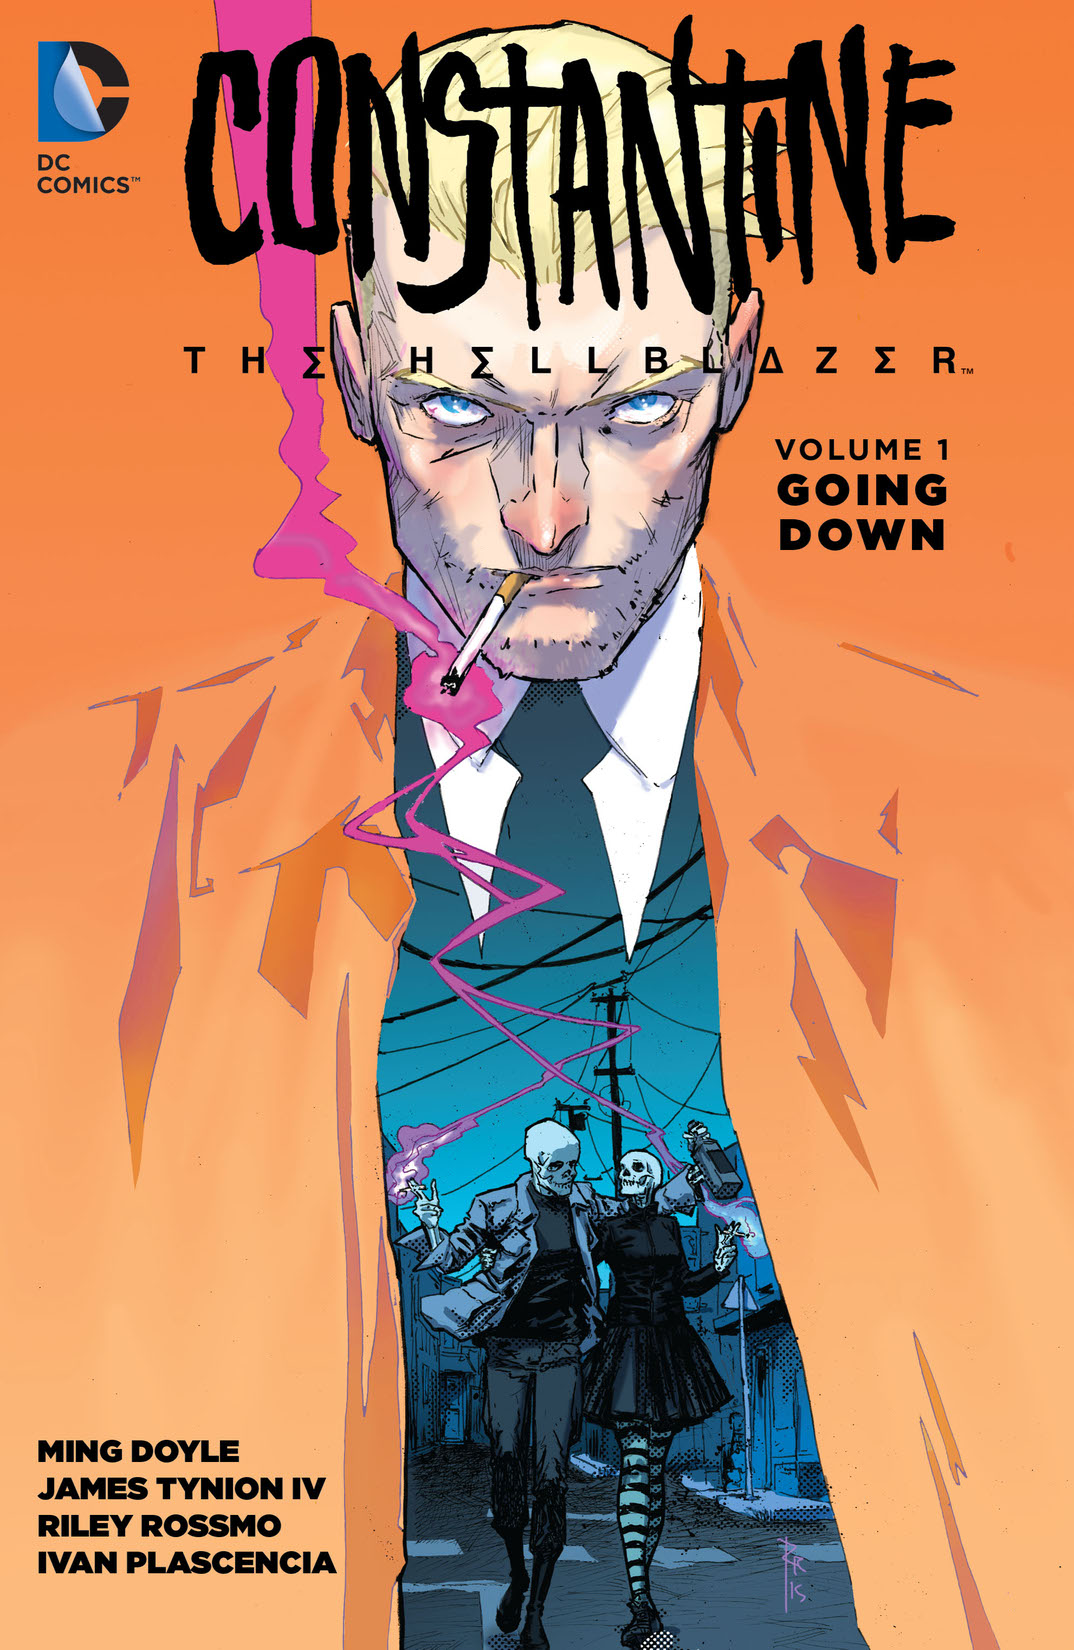 Constantine: The Hellblazer Vol. 1: Going Down preview images
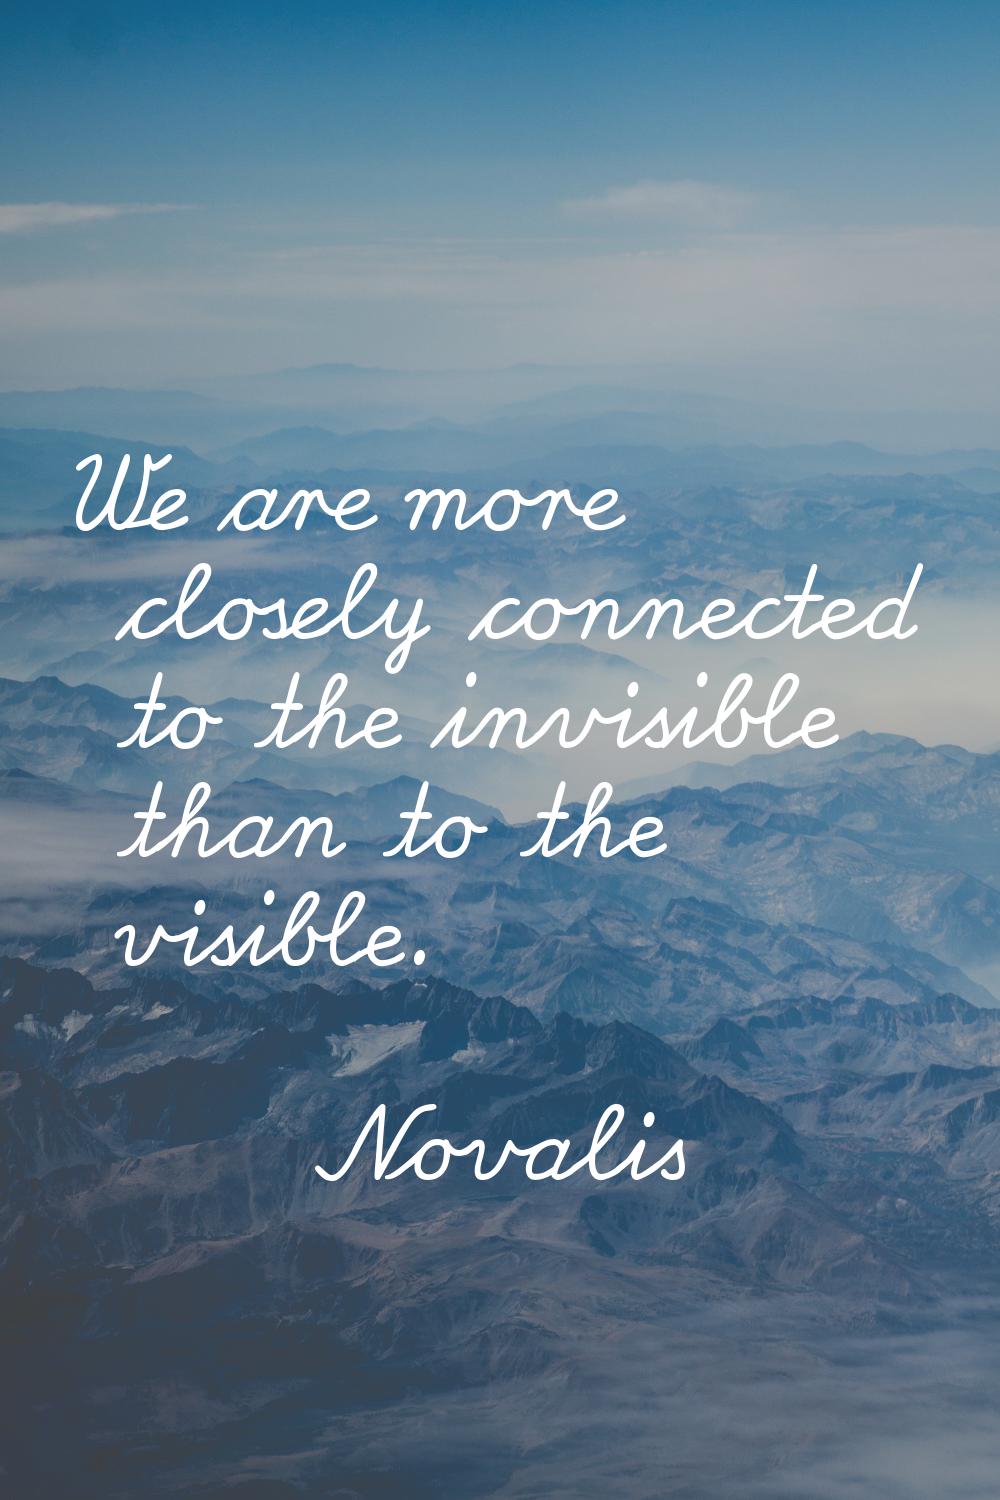 We are more closely connected to the invisible than to the visible.
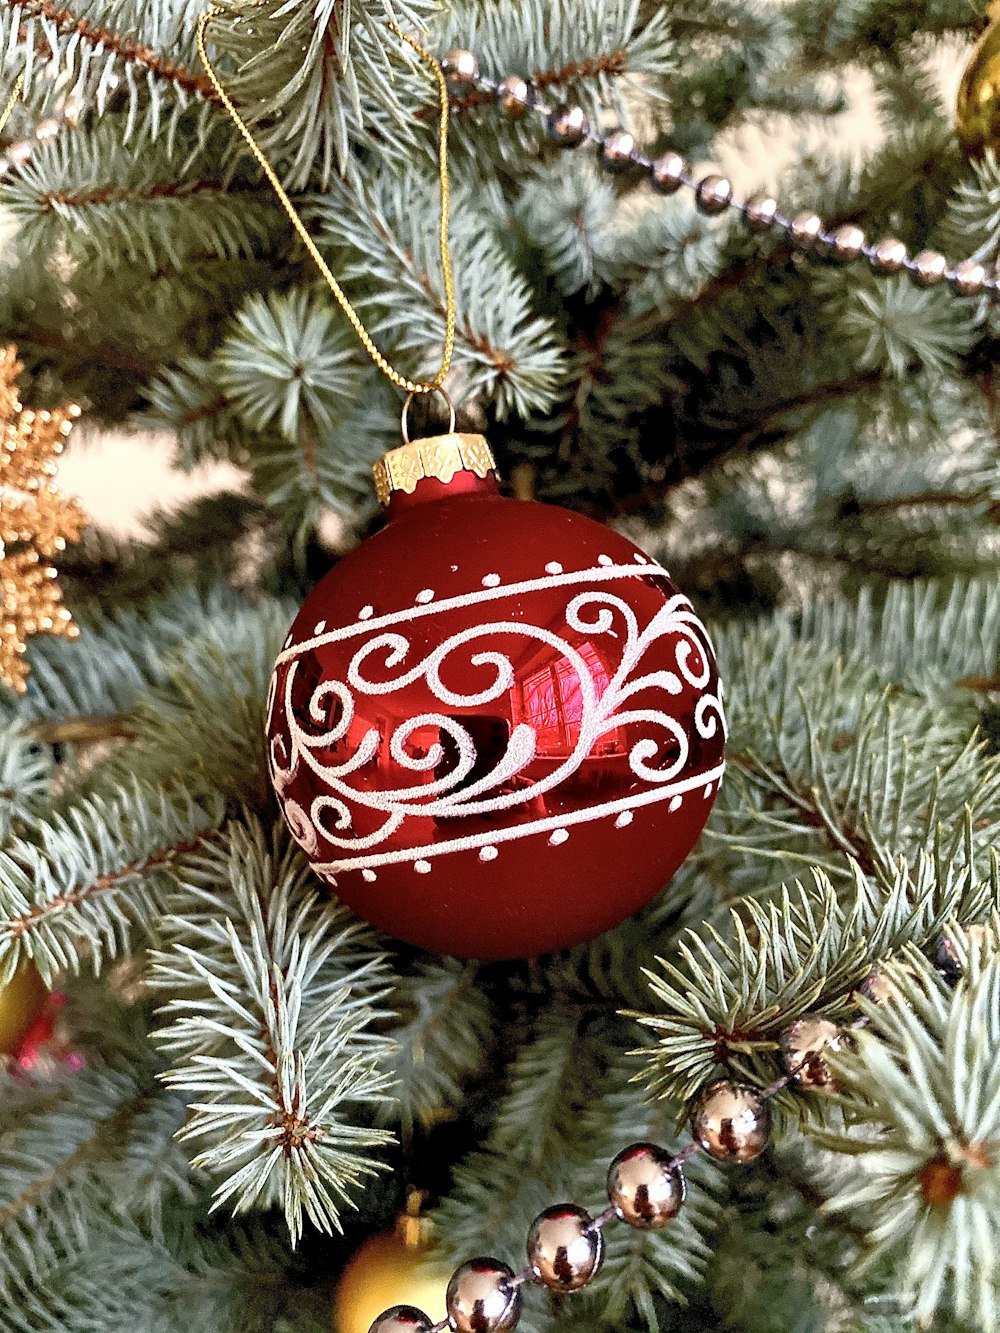 Red and white christmas bauble photo – Free Christmas Image on ...

- - -

- **Exercise instructions**
Pictures aside, transcribe exactly the lines from the line containing "We are more" through the final line of the material above.

- **Output of the task**
 We are more closely connected to the invisible than to the visible.
 Red and white christmas bauble photo – Free Christmas Image on ...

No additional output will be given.